For each of these alternative reasons, the Court finds that even when all facts and inferences are viewed in the light most favorable to Stover, no reasonable jury could return a verdict in his favor. The Illinois Defendants are therefore entitled to summary judgment in their favor.
B. Stover's Motion
Stover moves for summary judgment against the Court of Claims. In support of his motion, he argues that the Court of Claims was served on August 31, 2004, by certified mail with a return receipt that was stamped by the Secretary of State, Mark Kuntzi, and that any assertion by the Court of Claims that it was not properly served would amount to "perjury." He then maintains that the Court of Claims is unconstitutional because it offers no right to a jury trial and requires defendants to face judges that are attorneys for the state, depriving him of any chance for a fair trial.

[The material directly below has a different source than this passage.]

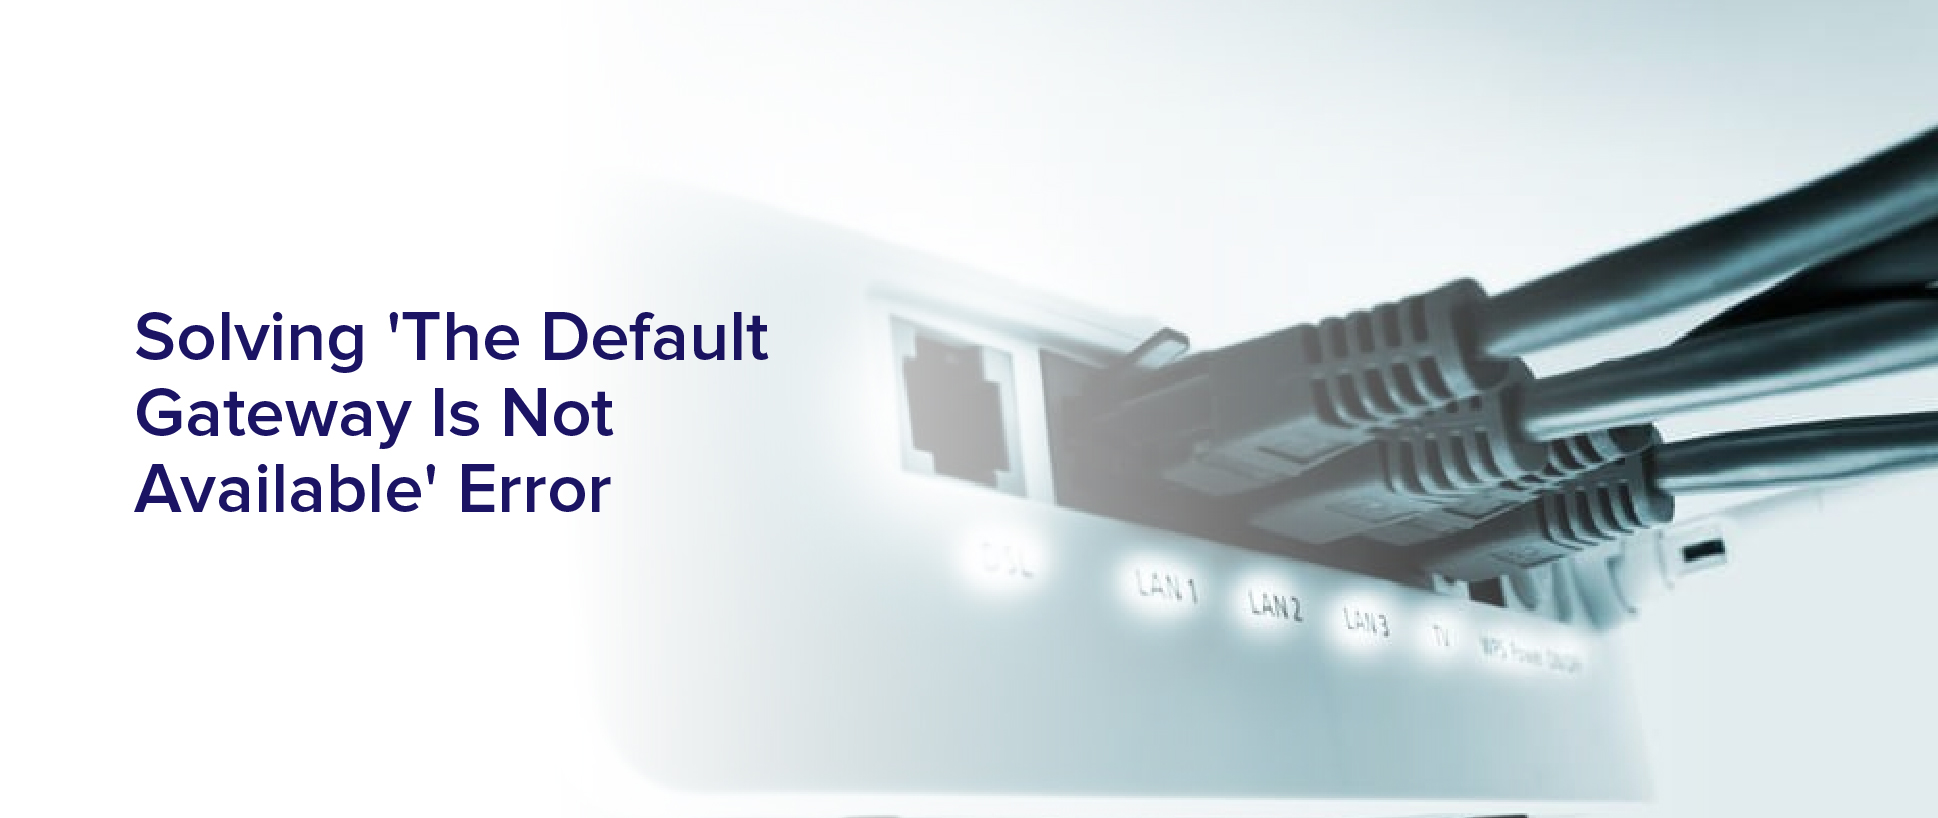 Solving 'The Default Gateway Is Not Available' Error"

The Court of Claims cites Swaim v. Moltan Co., 73 F.3d 711, 719 (7th Cir. 1996), for the proposition that valid service of process is a prerequisite to the Court's personal jurisdiction. It then notes that it was never properly served with a summons and copy of the complaint contrary to Rule 4 of the Federal Rules of Civil Procedure, which requires that "summons shall be signed by the clerk, bear the seal of the court, identify the court and the parties, be directed to the defendant" and "shall be served together with a copy of the complaint."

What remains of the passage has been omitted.